* _Information supplied_:
####
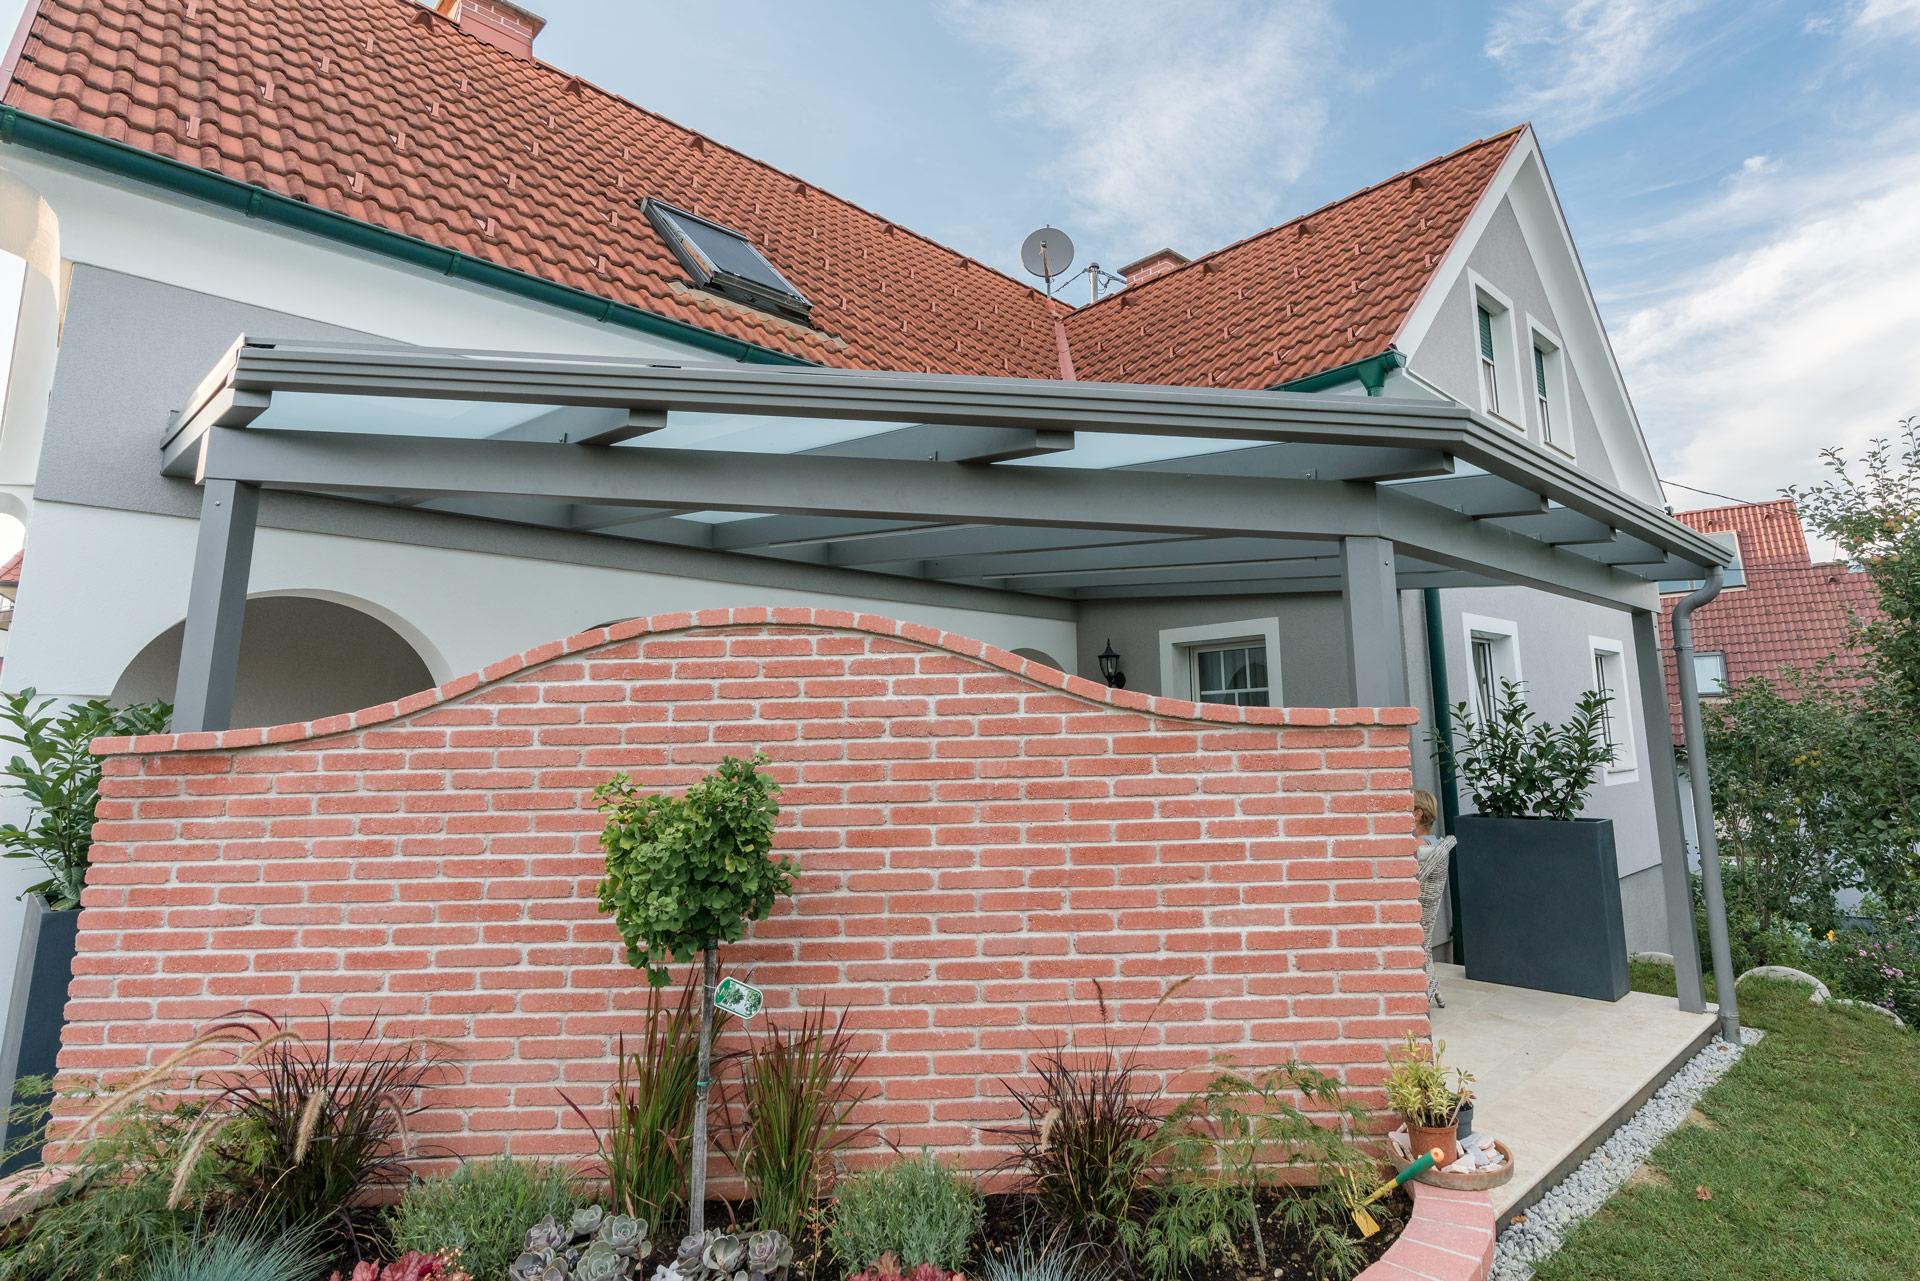 Terrassendach Alu 83 a | Sonderform Rechteck & Dreieck kombiniert, Alu hellgrau, mattglas | Svoboda
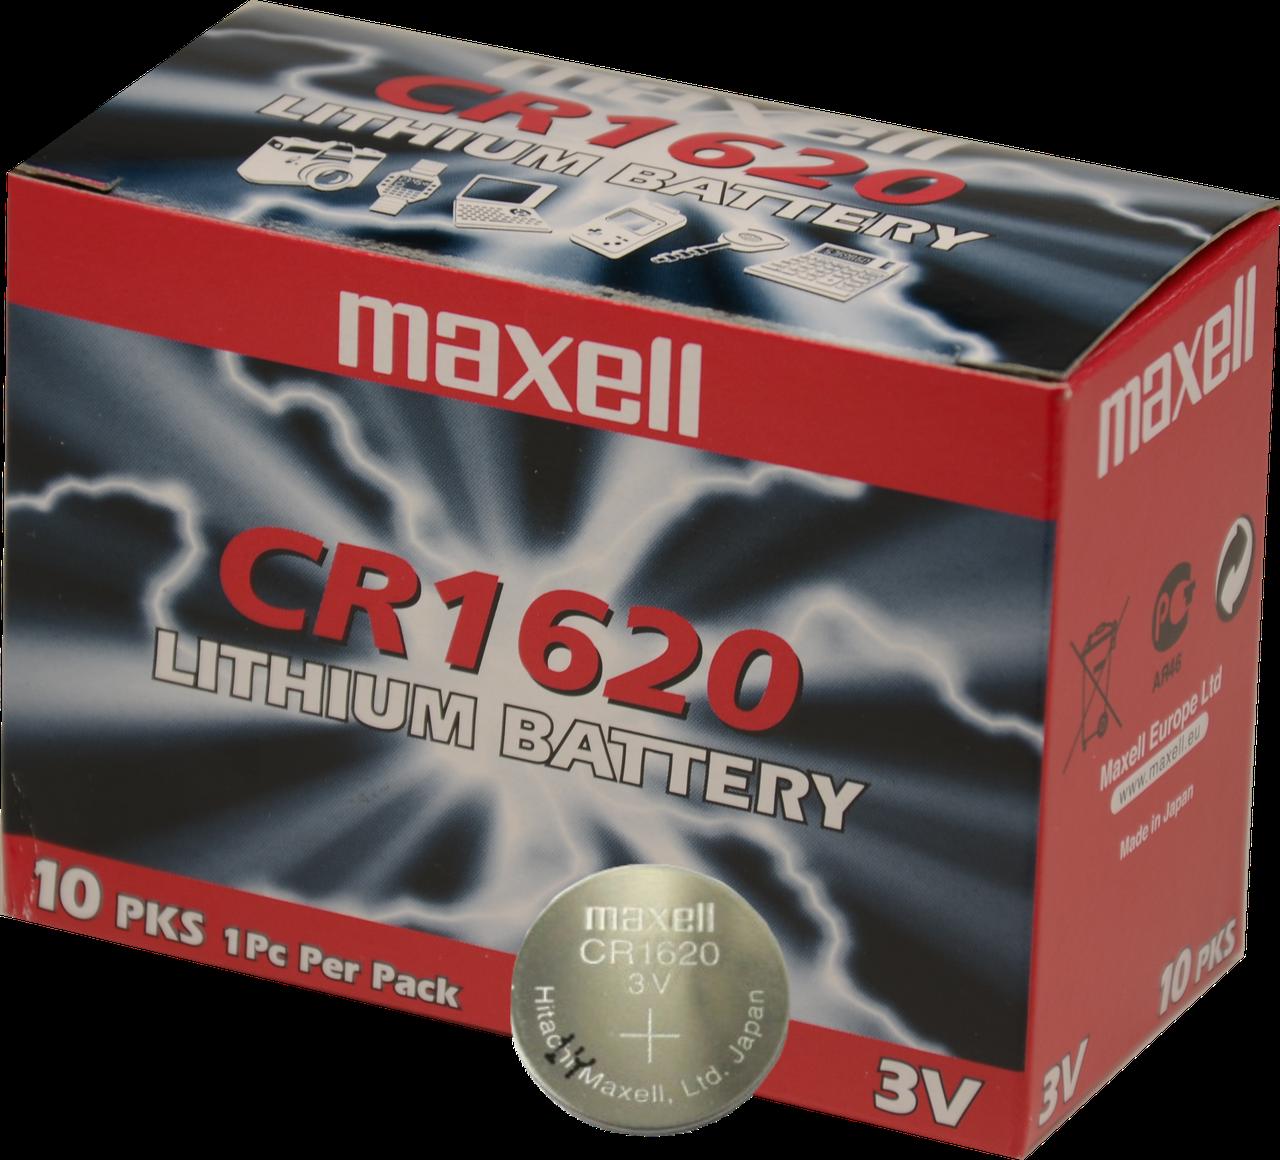 Батарейка Maxell CR1620, 10 шт(30 грн. за 1 шт./ 300 грн. за 10 шт.)
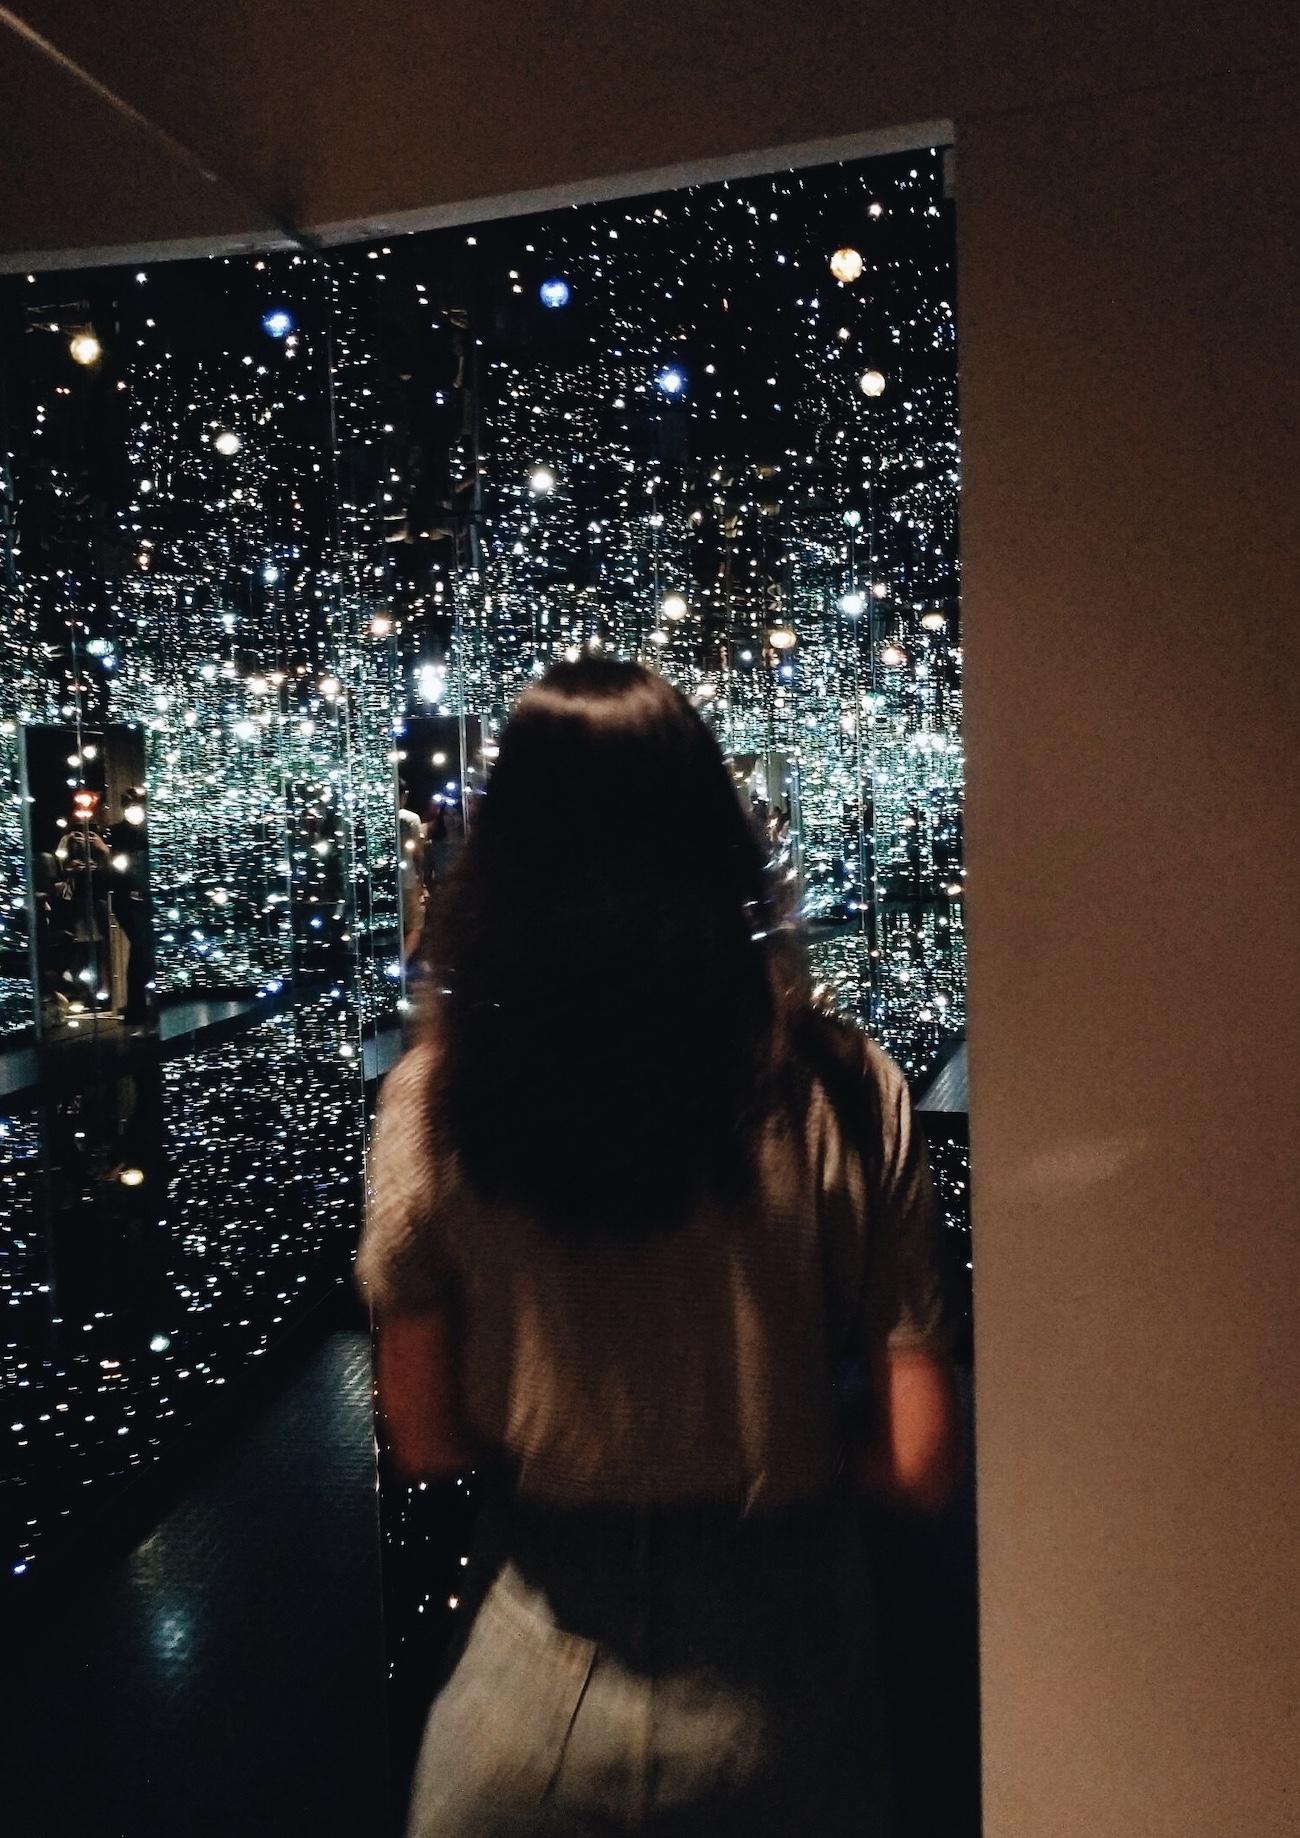 Entering Yayoi Kusama's infinity room!
####
Please return the listing above exactly and leave every picture out.

 Terrassendach Alu 83 a | Sonderform Rechteck & Dreieck kombiniert, Alu hellgrau, mattglas | Svoboda
 Батарейка Maxell CR1620, 10 шт(30 грн. за 1 шт./ 300 грн. за 10 шт.)
 Entering Yayoi Kusama's infinity room!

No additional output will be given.